Bir katilin, zihninin oyunlarıyla baş etmeye çalışırken, değer verdiği tek insanın, kızının yaşamını kurtarma çabasına konuksunuz, ve çaresizliğine. Kim, alışık ayaklarının kana batıp çıkmasına , ellerinin çamura bulanmasına. Ama şimdi hatırladıklarını yaşayıp yaşamadığından bile emin değil. O emin olmadığı için siz de emin değilsiniz, Kim’i sevseniz mi, ona acısanız mı, yoksa ondan nefret mi etseniz?
Çok başarılı bir anti kahraman karakter dikiliyor karşınızda. Yazar bunu, gerçekleri eğip bükmedeki, karşıtlıkları kullanmadaki ustalığıyla taçlandırmış.
Hangi köşeden dönünce pişmanlıkla, hangisinde acıyla, öfkeyle, ya da haklılık duygusuyla karşılaşacağınızı bilmeden, başından bir saniye olsun ayrılamayacağınız bir film izlemek istiyorsanız, bu kitabı okumanızı tavsiye ederim.
Ters köşeyle biten, o ana kadar inandıklarınızı yerle bir eden bir kitap.
Meraklı Okumalar...
‘İnsanlar ‘kötü’yü anlamak ister. Beyhude bir istektir. Kötülük gökkuşağı gibidir. Ne kadar yaklaşırsan o kadar uzaklaşır. Kötü anlaşılamadığı için kötüdür ya zaten!’
.
70 yaşında, anılarını korumaya çalışan bir adam Byıonğsu Kim. Yaşadığı o bulanıklığa Alzheimer diyorlar. Bu arada kendisi bir seri katil. 25 yıldır öldürmüyor ama öldürdüklerini hatırlıyor.

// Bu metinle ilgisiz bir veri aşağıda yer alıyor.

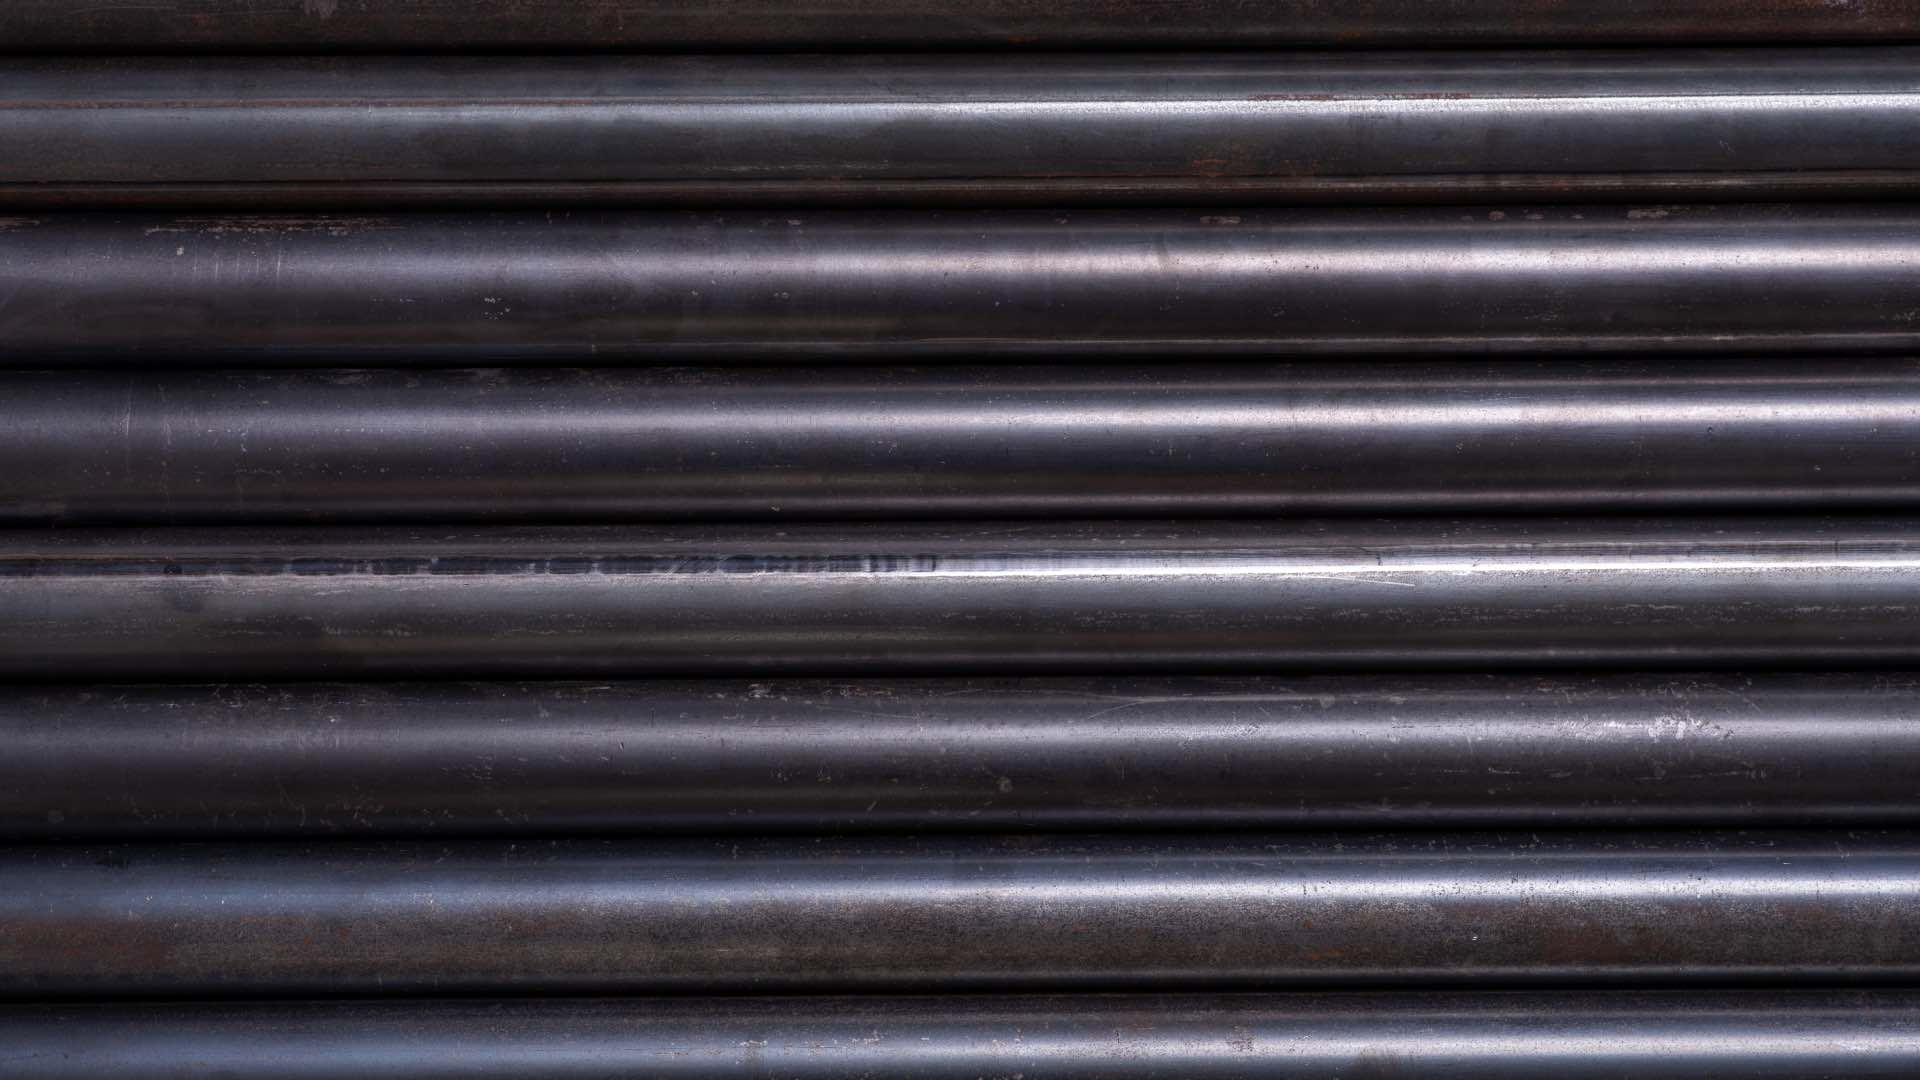 Raw black steel bars used for unique furniture

Biz de onun günden güne silikleşen hafızasına iniyoruz, karanlık bir oda gibi. Suçluluk var mı odanın içinde diye soruyoruz. Odanın altını üstüne getiriyoruz. Altı da üstü de üzerimize bulaşıyor.

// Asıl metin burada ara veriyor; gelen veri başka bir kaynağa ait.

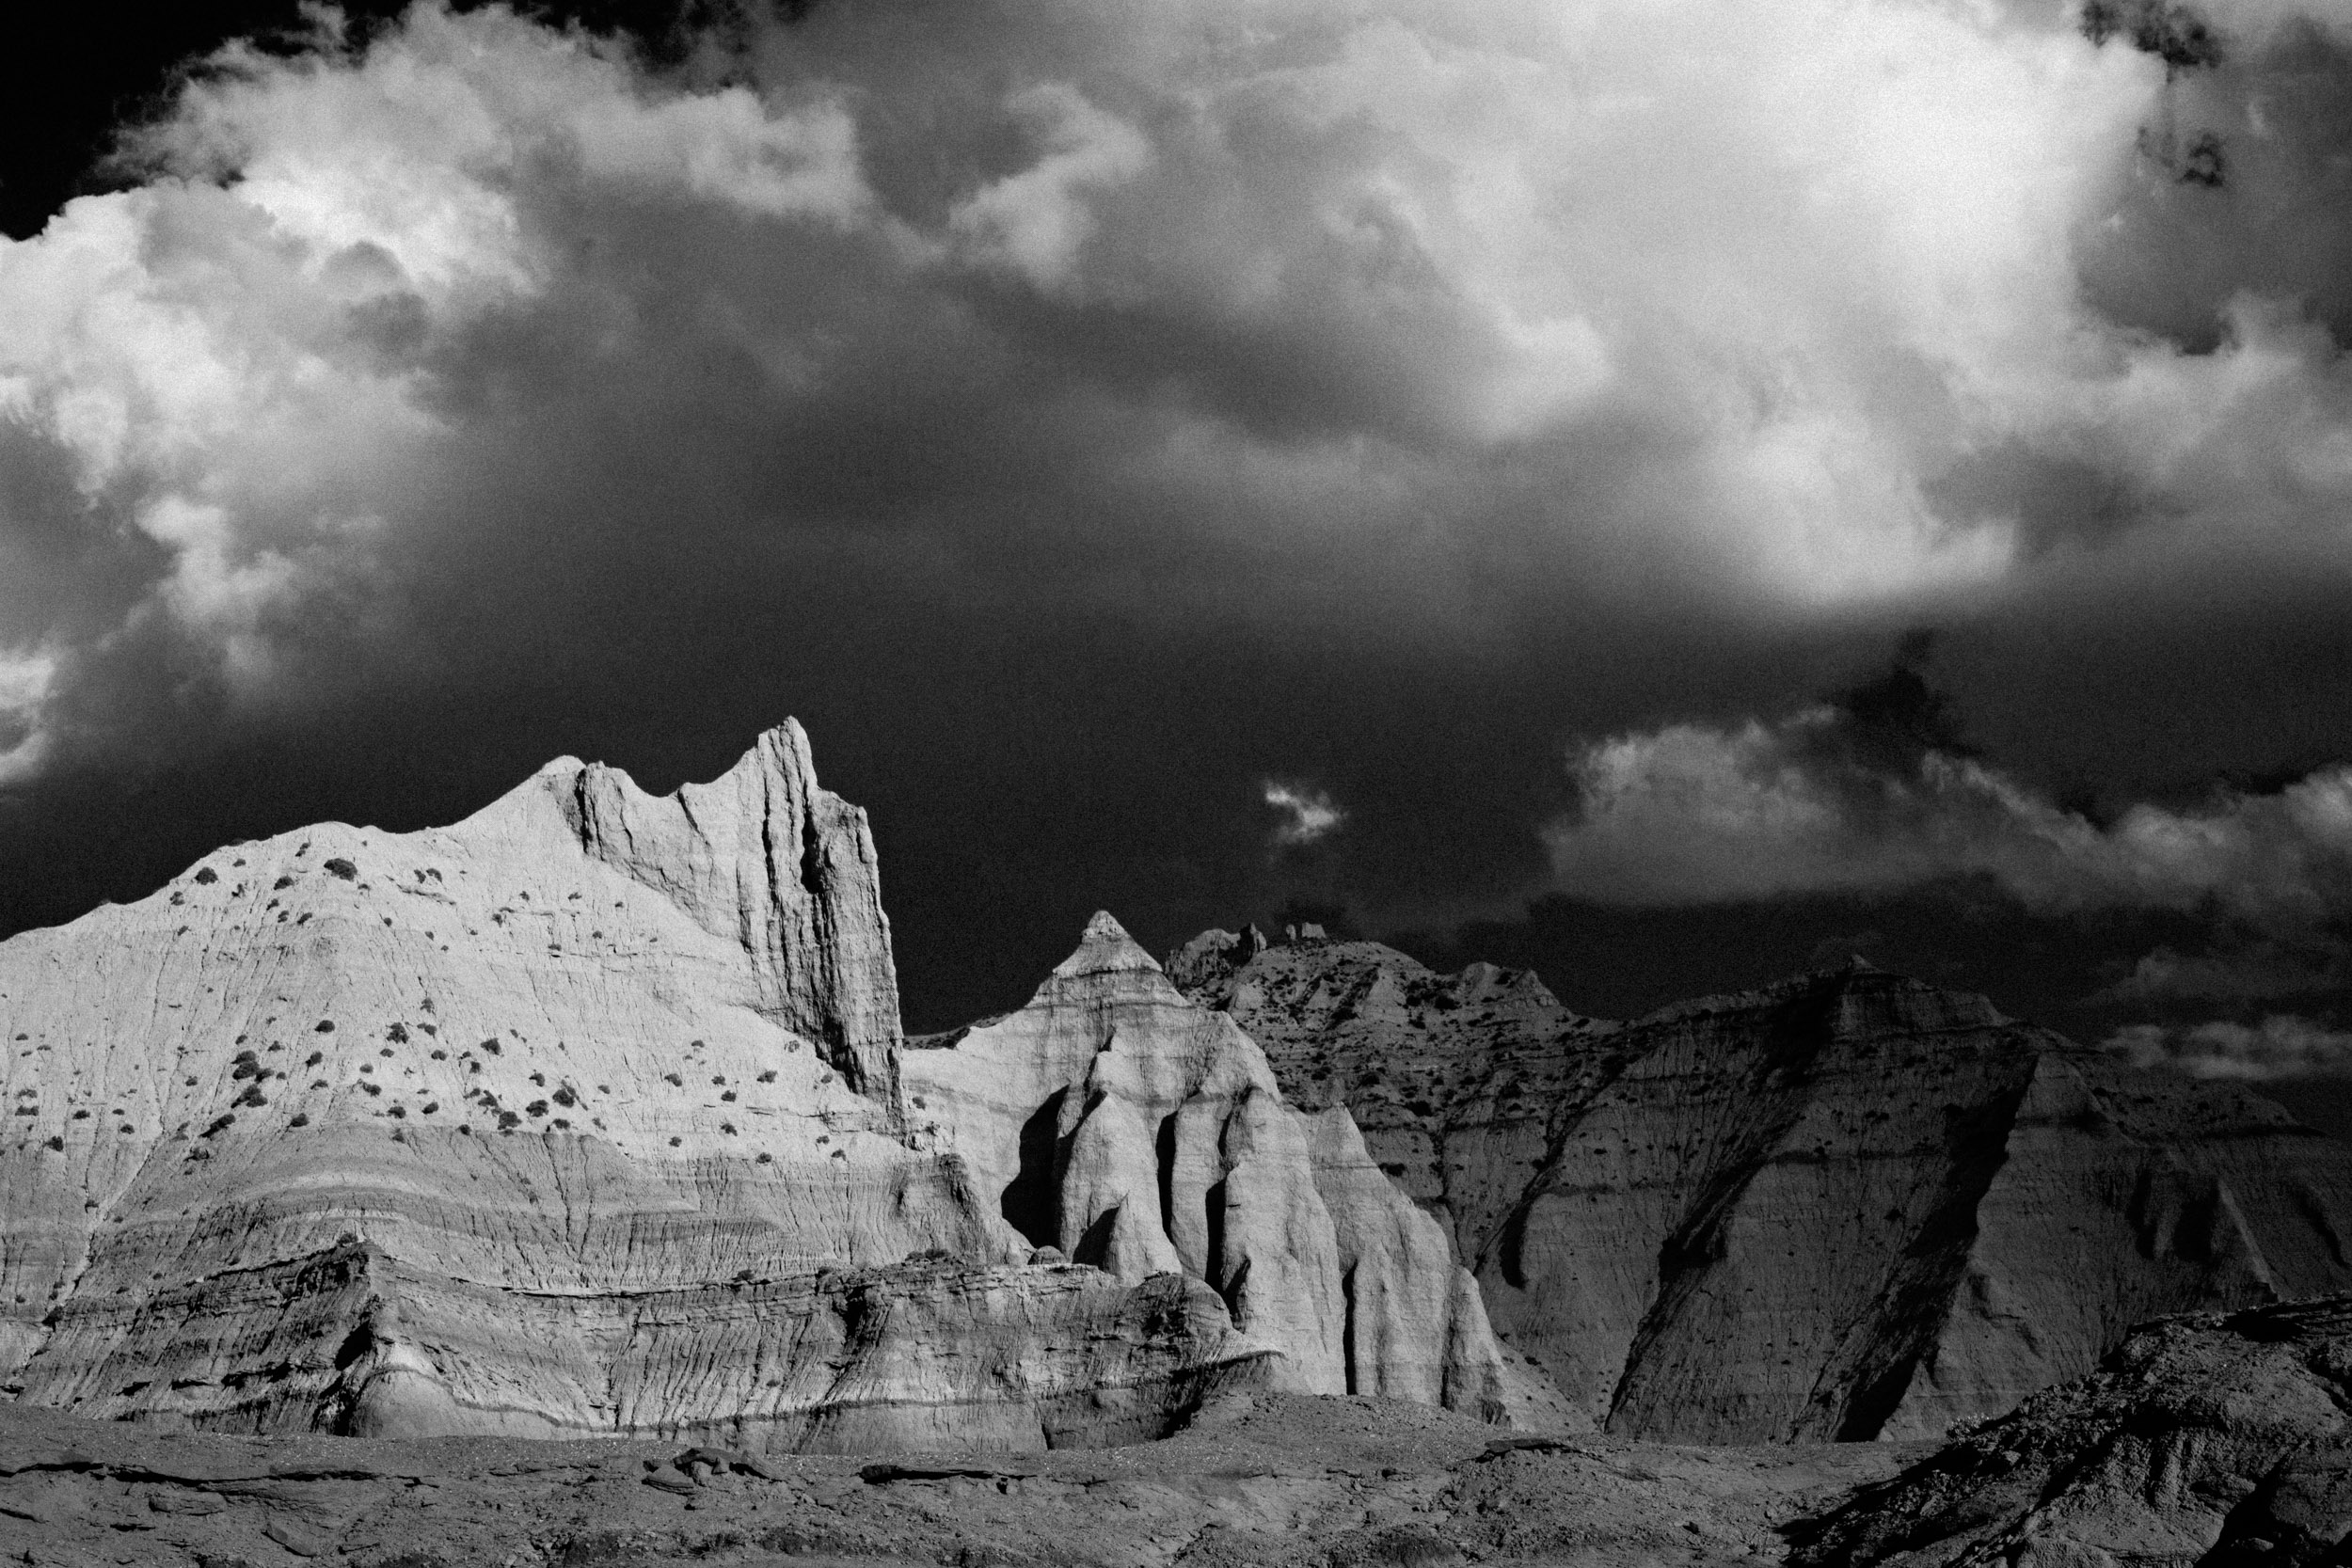 Cragged peaks light up in the afternoon’s light following a southern Utah storm

Zamanın o yenilmeyen kokusu gibi siniyor tenimize.
.
Kim Young Ha okuru şaşırtmasını biliyor. Düğümleri çözdüğümüzü zannederken; düğümün kendisi oluyoruz sayfalar boyunca. Tansiyonu bir an bile düşmeyen filmleri bilirsiniz, tam da onun gibi!
Kısacık bir eser olmasına rağmen de çok sağlam bir psikolojik çözümleme örneği Bir Katilin Güncesi. Pek çok duyguyu yoğunlaştırılmış şekilde, hızlıca yaşıyorsunuz.
Merak ediyorsunuz, kızıp küfrediyorsunuz, acıyorsunuz. Yüzünüzün ortasına bir de yumruk yiyorsunuz.
.
Tek oturuşta bitirdiğim Bir Katilin Güncesi’ni fazlasıyla sevdim. Tavsiye midir diye soracak olursanız; bu da soru mu derim! :)
.
Korece aslından çeviride Özlem Gökçe ve Açelya Yavuz yer alırken; kapak tasarımı Barış Şehri çalışması
Yaşlanmış bir "başarılı" katilin de kalbi, zamanı, sevinci, üzüntüsü, insanlığı var mıdır?
Kahramanımız alsheimer hastasi 70 yaşında bir seri katil. Yıllar önce işlediği bir cinayetin izini zihninde taşımaya gücü yetmemis belli ki. Fakat çok önemli bir nokta daha vardı ki romanda, utanç ile suçluluk duygusunun farkı... Kahraman aslında utanmadığını, çünkü utancın bireysel bir şey olduğunu ama suçluluk duyabileceğini, çünkü suçluluğun toplumsal bir şey olduğunu belirtiyor. Olay örgüsü de bize katilin suçluluk duygusu ile zihinsel sorunlara gark olduğunu gösteriyor.
Harika bir kitap!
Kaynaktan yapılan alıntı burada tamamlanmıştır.